Wanted by two sides

September 28, 2018

In the early hours of Saturday morning, 22 September Hay’at Tahrir as-Sham arrested Yaser Saleem, a lawyer from Kafranbel. That small city became famous in the early years of the conflict in Syria as the citizens took to the streets with banners in English, often even with a cartoon appealing to a western public.

Yaser has been a leading revolutionary figure there, with very strong values and principles and an important message of justice and unity. He participated in the demonstrations in Kafranbel last Friday and carried a cartoon calling for the release of the people from Suweida kidnapped by ISIS. In July, ISIS fighters taken out of South Damascus to the eastern desert by the Assad regime committed a massacre against the Druze population in Suweida and kidnapped a group of women and children who remain in the hands of ISIS until today.

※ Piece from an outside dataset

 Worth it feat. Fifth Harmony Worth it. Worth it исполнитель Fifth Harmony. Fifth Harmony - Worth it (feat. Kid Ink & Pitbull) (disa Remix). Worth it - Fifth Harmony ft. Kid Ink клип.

Photo from Facebook. Yaser is in the middle.

Earlier last week, Yaser had posted on Facebook that he hoped the people of Foua and Kefraya would return to their homes.

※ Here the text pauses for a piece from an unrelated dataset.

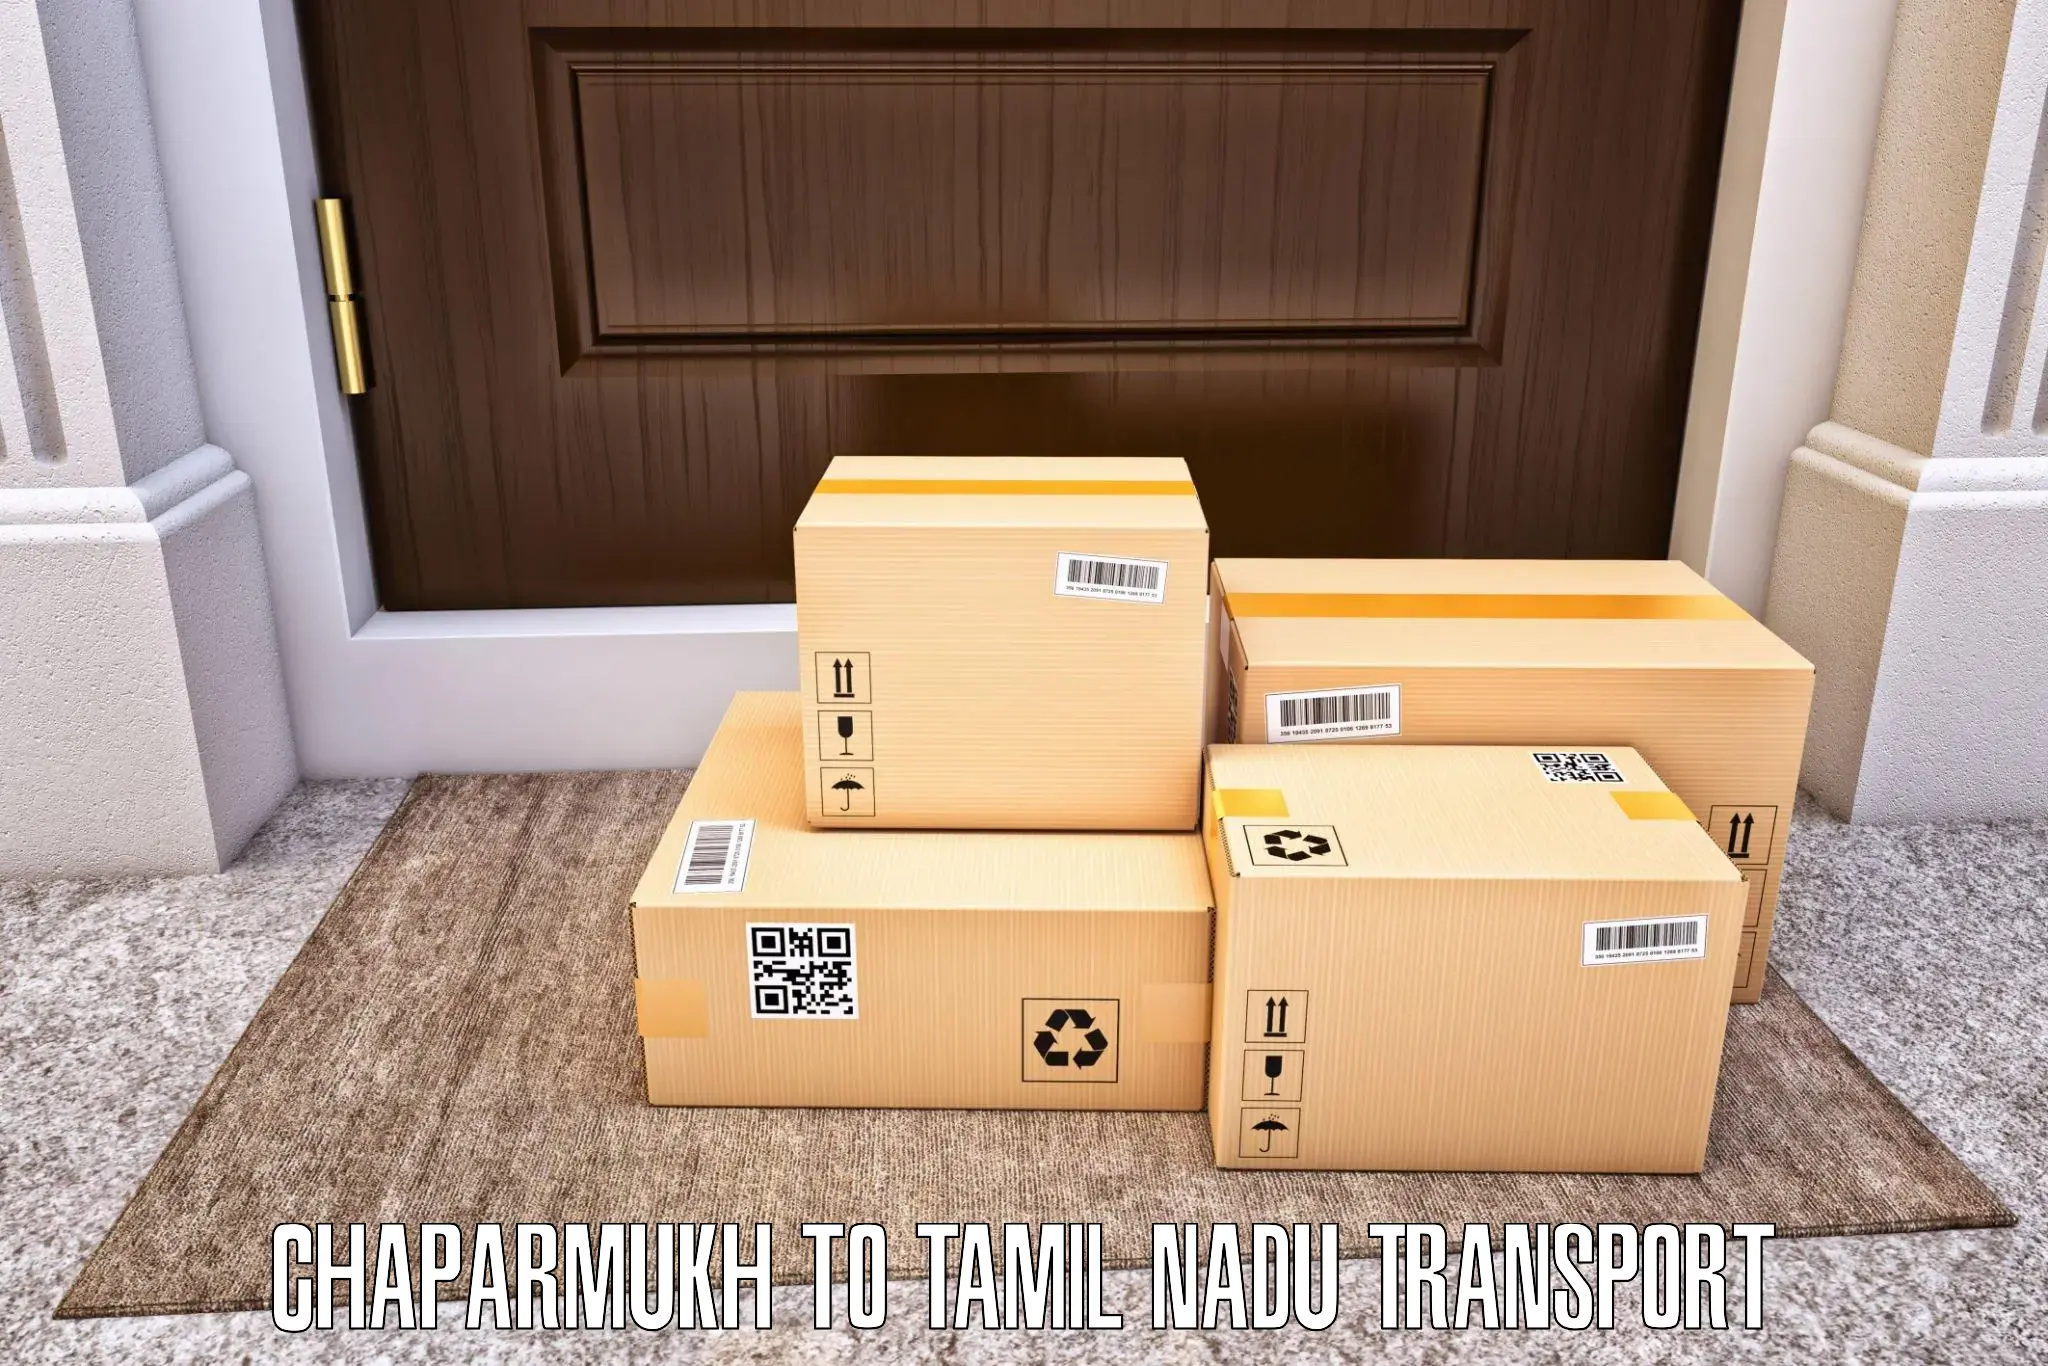 Cargo transport services Chaparmukh to Korattur

Foua and Kefraya are two shia villages in Idlib that have been under siege from opposition groups for years and were forcibly displaced in July at the end of the siege (See our latest Siege Watch report). Yaser also posted a message in support for Kurdish rights.

As we feared, these anti-sectarian messages confronting the divide-and-rule logic of the Assad regime and radical armed groups were not appreciated by HTS and on Friday night HTS raided Yaser’s house and arrested him and Abdelhamid Bayoush, who was visiting him. Abdelhamid was released on Monday, but Yaser remains in detention. Activists in Idlib like Yaser are under a double oppression, they are wanted by the Assad regime and wanted by radical islamic armed groups.

On Tuesday 25 September, people in Suweida, on the other side of the country and under the control of the Assad regime, went out in a call for Yaser’s release.

Last year researcher Haid Haid wrote a study about Hay’at Tahrir as-Sham in which he explains how people like Yaser resist in a peaceful way the jihadi group.